More details on the analysis can be found in the PDF paper included in this repository.
The dataset used for this study was derived from the dataset available on Kaggle - US Election 2020 Tweets [2]. In this repository, only the pre-processed dataset is available.
For the purpose of the analysis, not only the tweets' content was studied, but also the state in which the user posting it was registered.
Therefore, based on user's location, the assumption of political affiliation of the state was made (dominantly Democrat/Republican or swing).
The content of the tweet was studied in terms of emotions (their intensities as well as the frequencies of dominant emotions) and objects of these emotions (most distinctive words) in a state-wise manner.
The Jupyter notebook file Data Cleaning and Descriptives.ipynb was used for the exploratory step of the analysis.
The dataset was imbalanced, thus 10000 most-liked tweets for each state were used as the target sample.

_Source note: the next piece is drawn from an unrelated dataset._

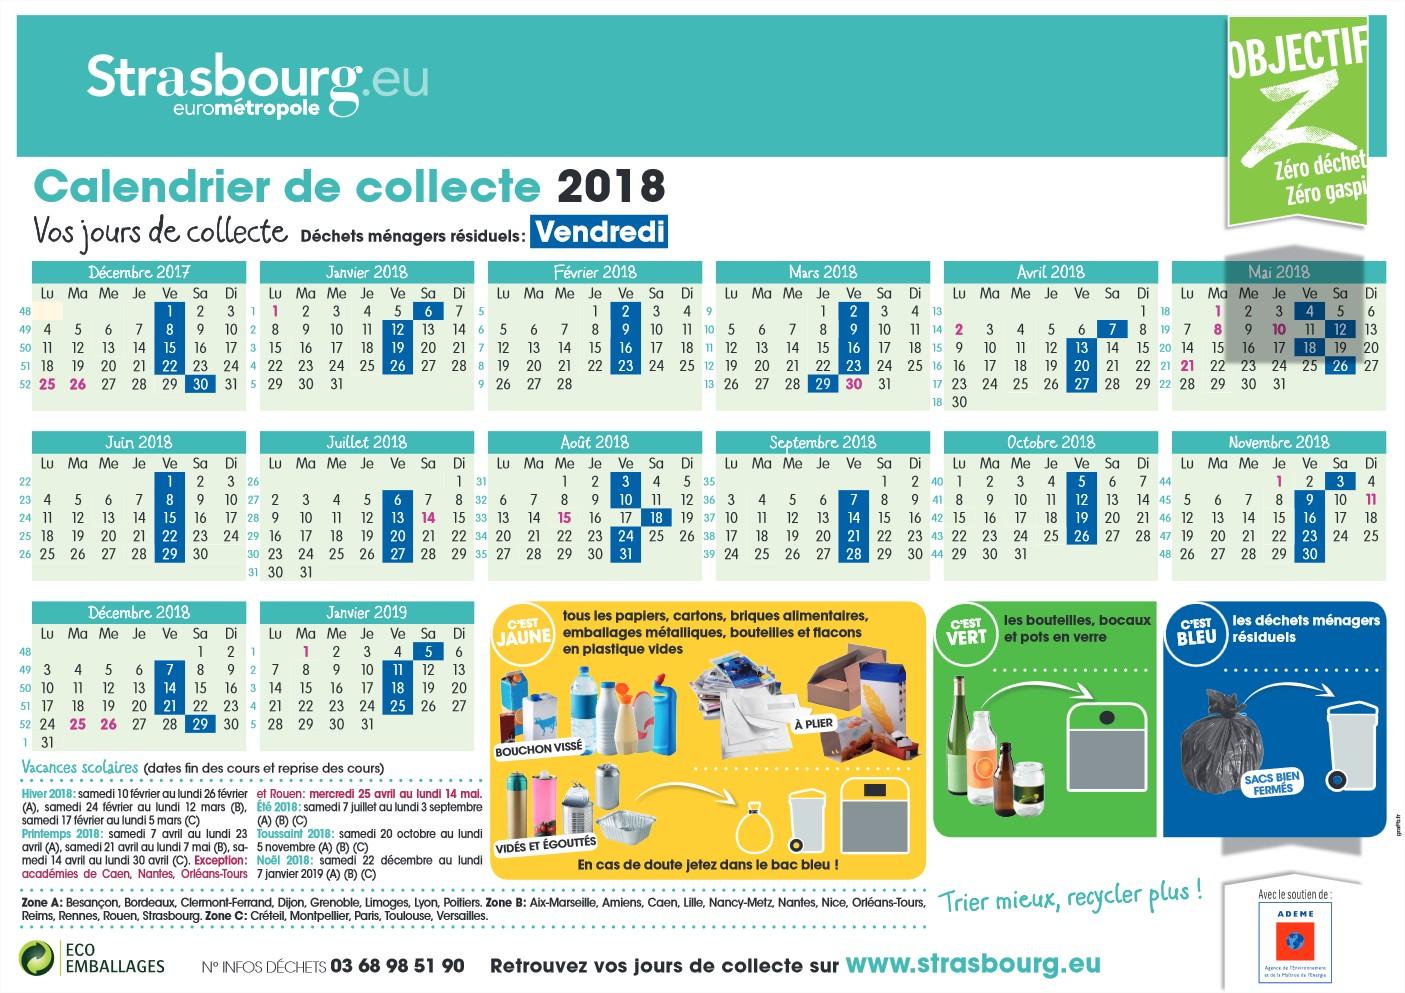 EMS calendrier collecte 2018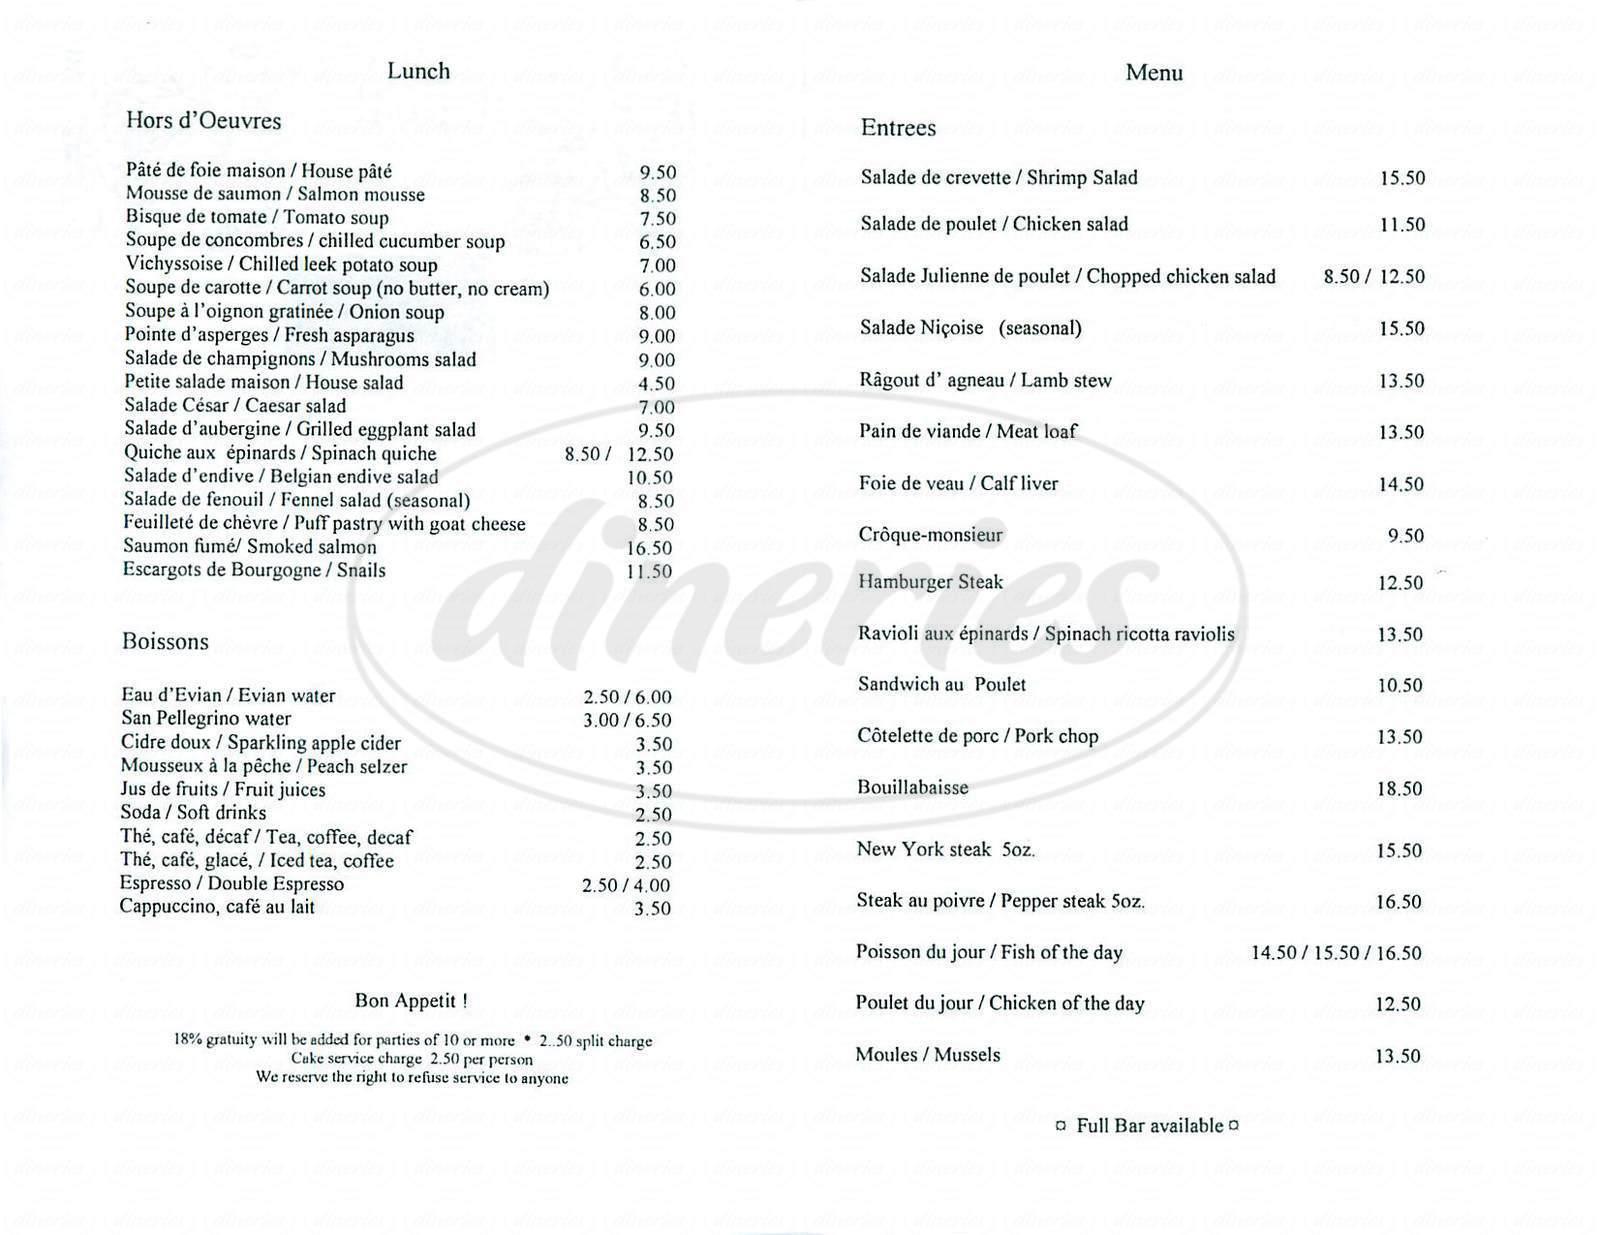 menu for Chez Mimi

The directory pre processing contains notebooks in which the methods for data pre-processing were used in this study. To pre-process the data, first and foremost, URLs and HTML tags were removed as these do not contain any information that could give an indication on a Twitterer's emotional state. From there on, the data was pre-processed two different ways in order to fit the task of finding the most distinctive words and to fit the emotion analysis model Pysentimiento. The data was not split, the 30000 tweets were the test sample.
The module extractEmotions.py allows for performing emotion classification using Pysentimiento's
library. The predictions which were evaluated qualitatively on 50 randomly selected tweets, achieved accuracy of 86%.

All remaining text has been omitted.